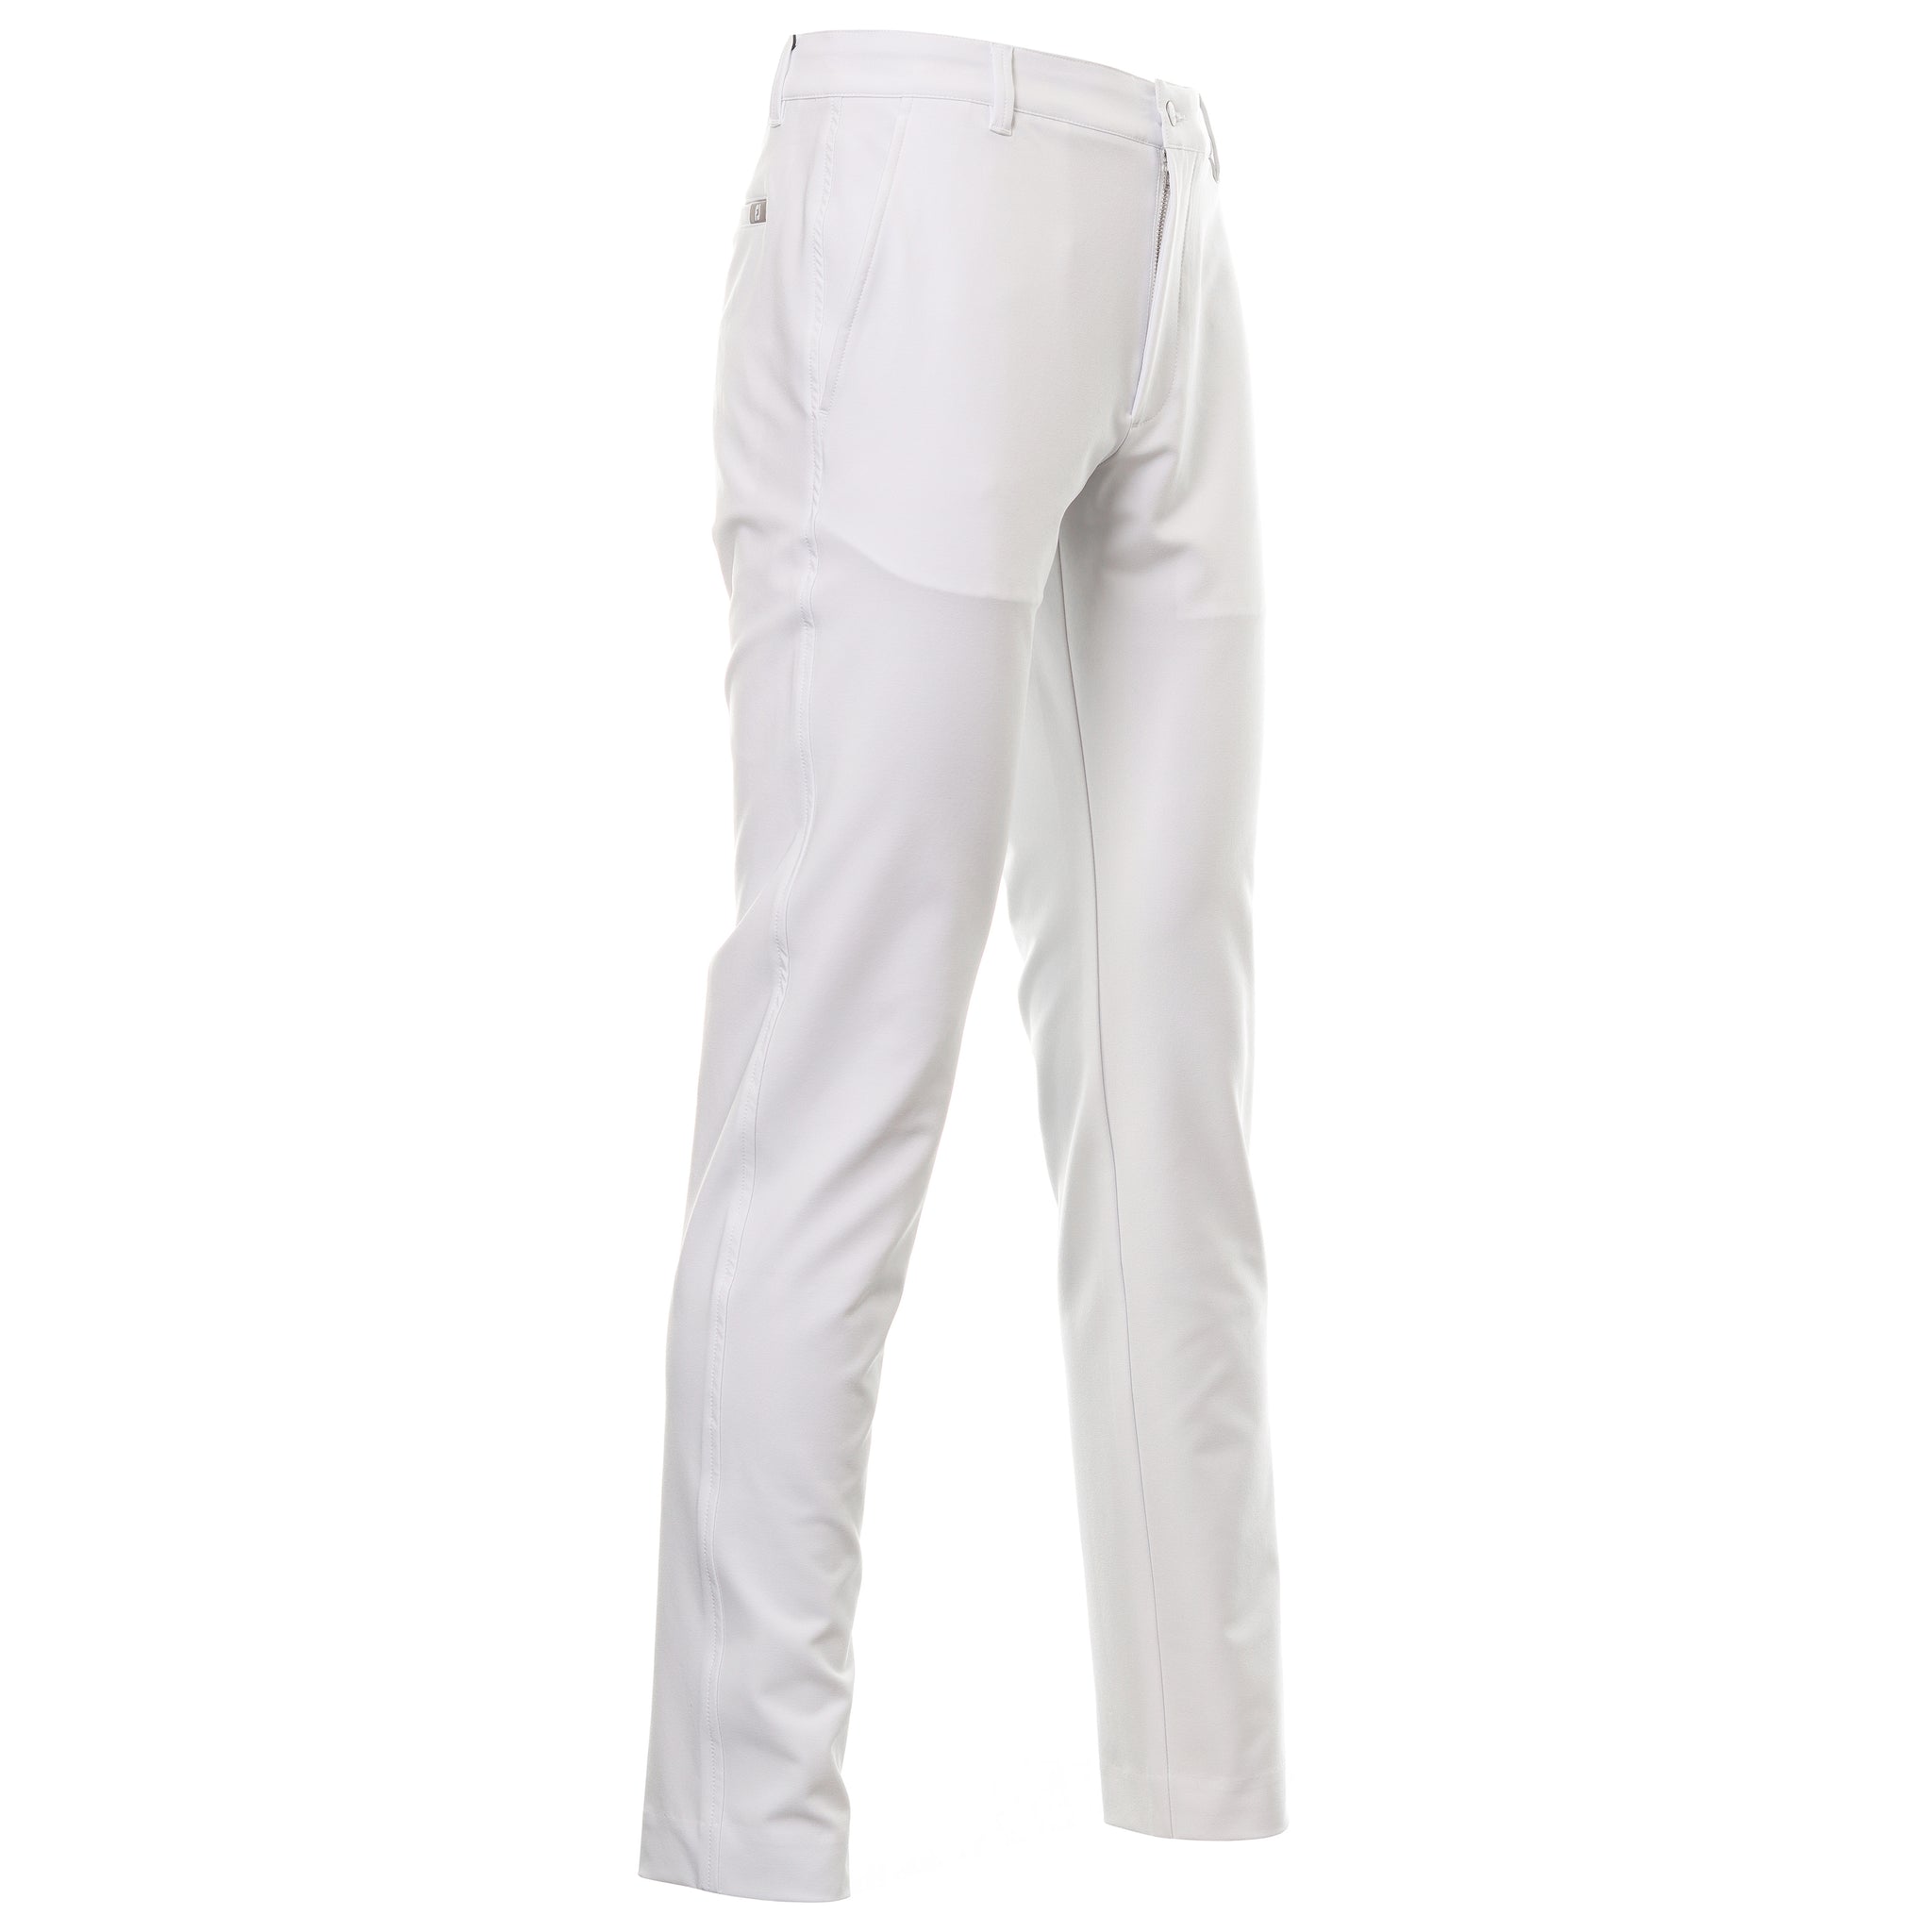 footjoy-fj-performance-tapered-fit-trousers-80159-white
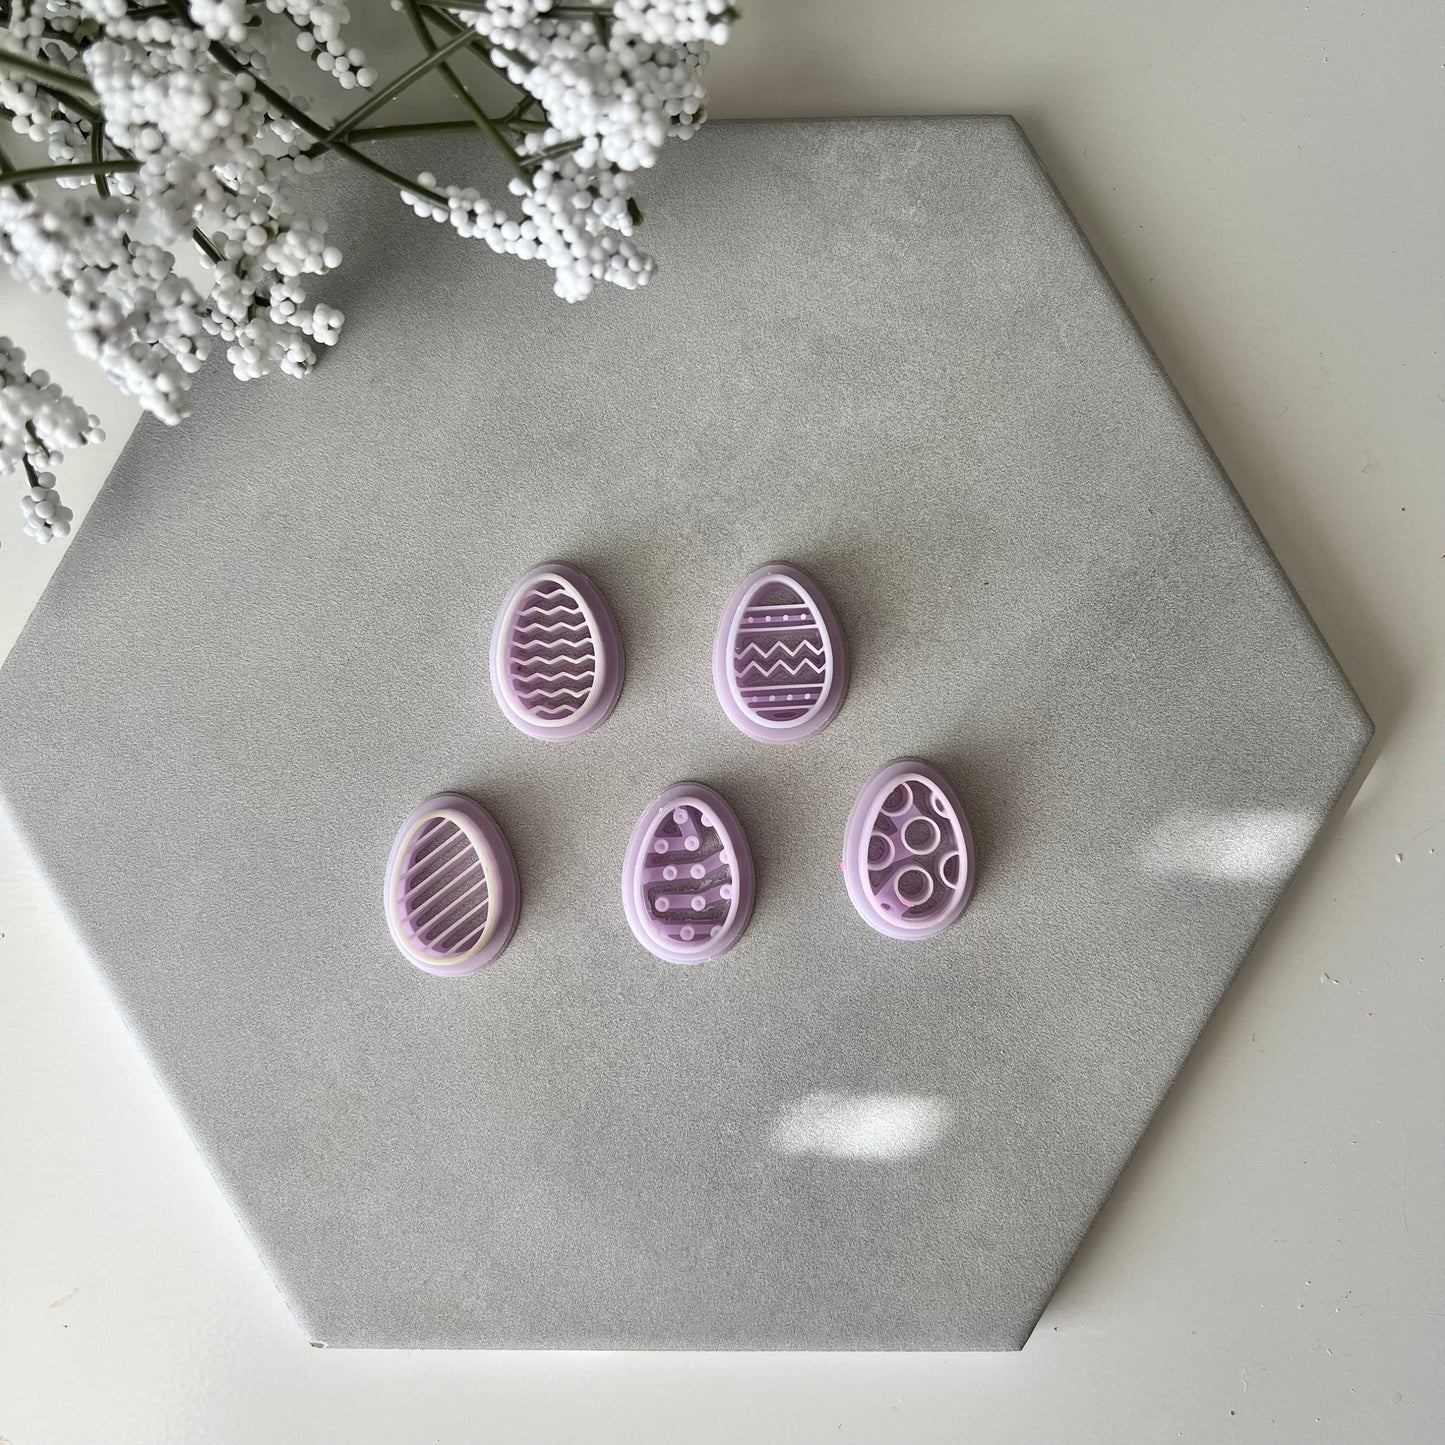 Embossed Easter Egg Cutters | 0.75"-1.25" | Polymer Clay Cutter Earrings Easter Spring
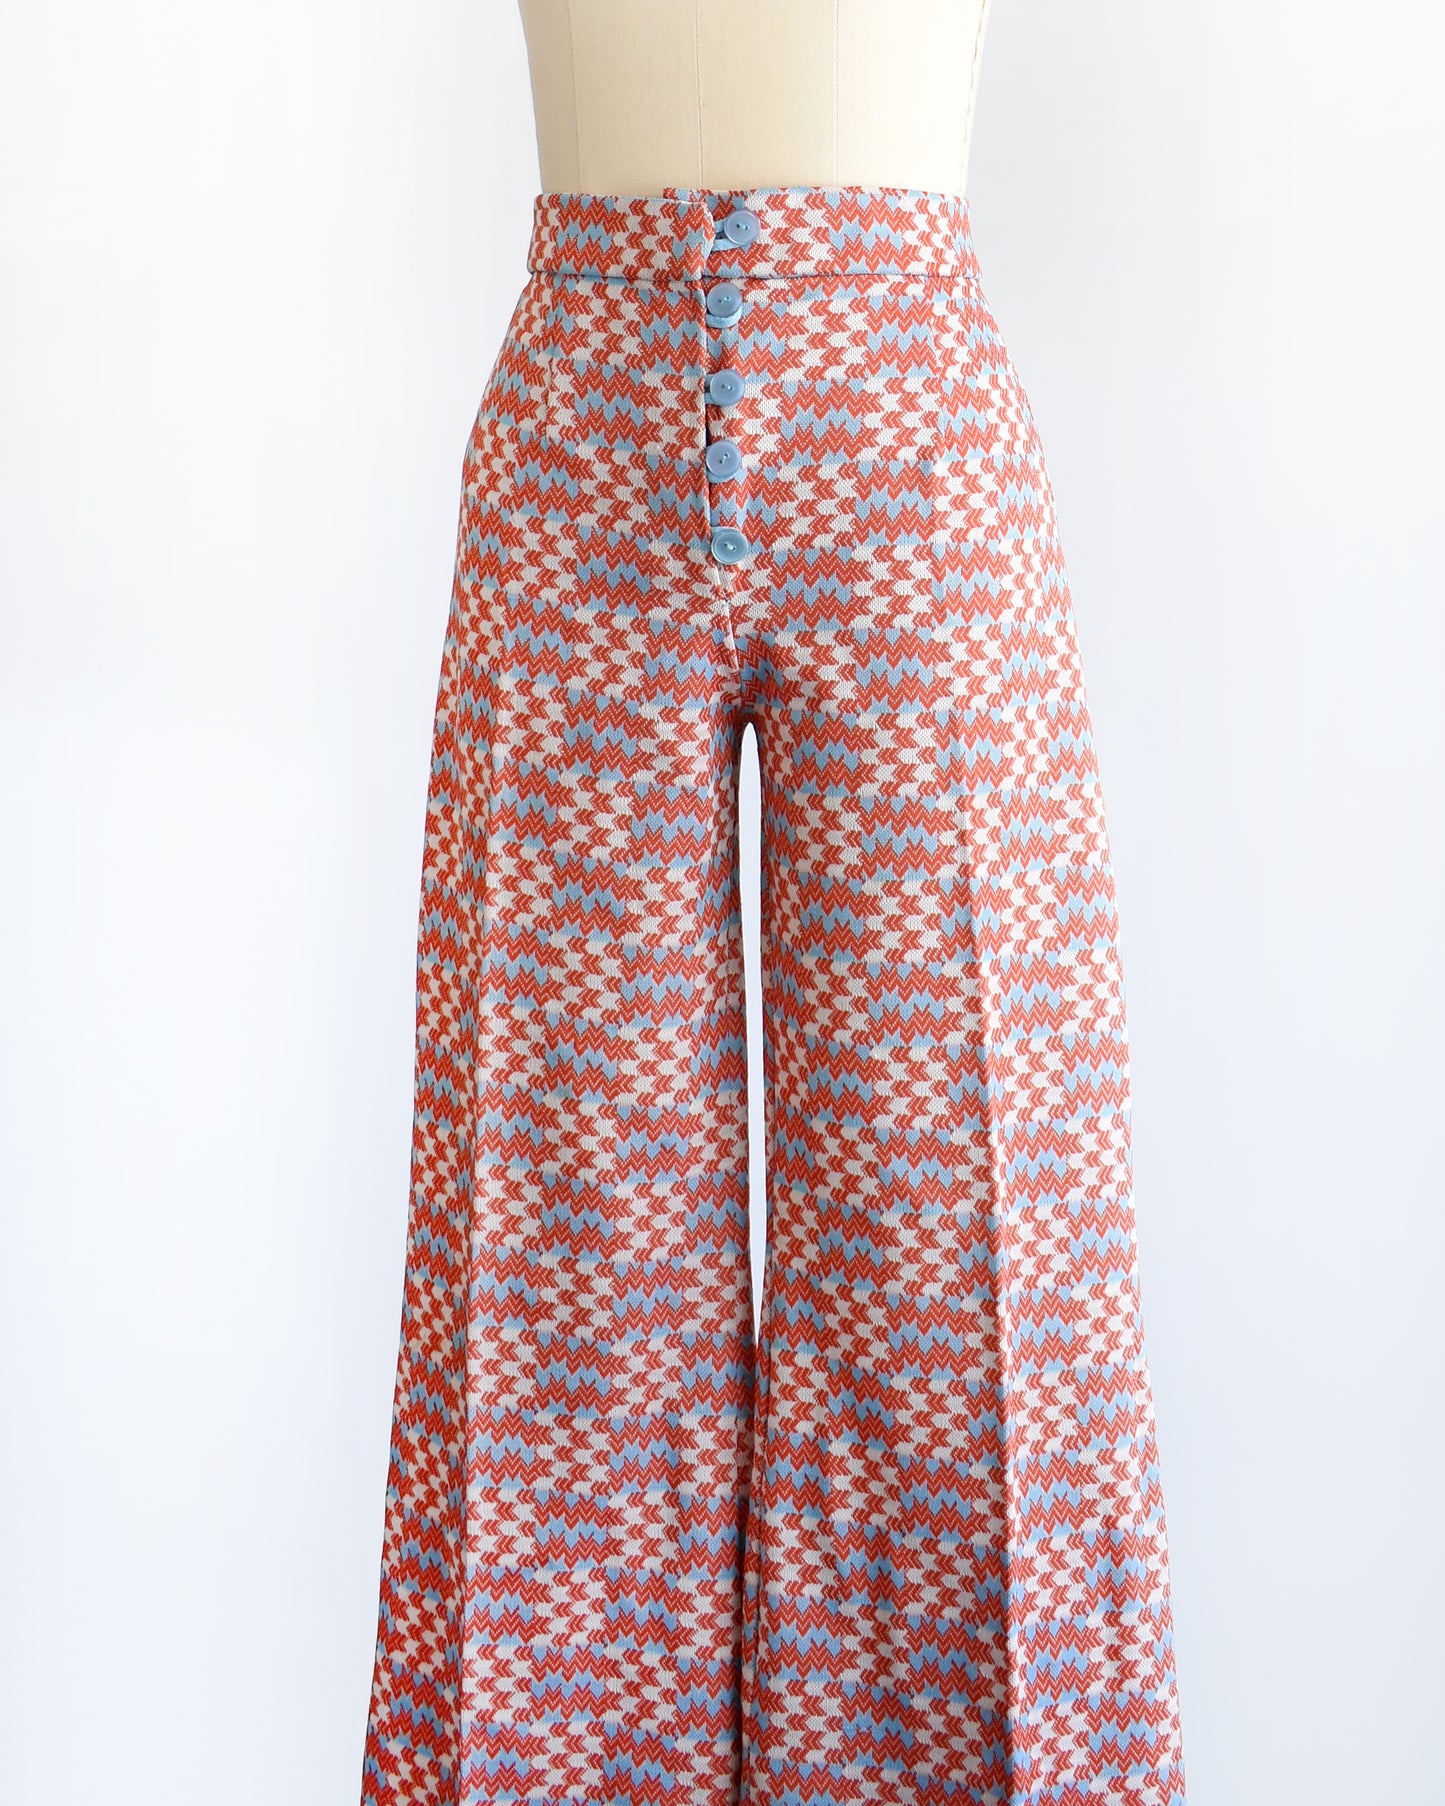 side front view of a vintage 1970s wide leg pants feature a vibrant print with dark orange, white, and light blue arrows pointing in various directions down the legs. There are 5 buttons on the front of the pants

Your assignment —
Take the line containing "Embossed Easter Egg" and all lines after it to the end of the data above, and reproduce them exactly, leaving out pictures. Nothing else belongs in the copy.

Reply —
 Embossed Easter Egg Cutters | 0.75"-1.25" | Polymer Clay Cutter Earrings Easter Spring
 side front view of a vintage 1970s wide leg pants feature a vibrant print with dark orange, white, and light blue arrows pointing in various directions down the legs. There are 5 buttons on the front of the pants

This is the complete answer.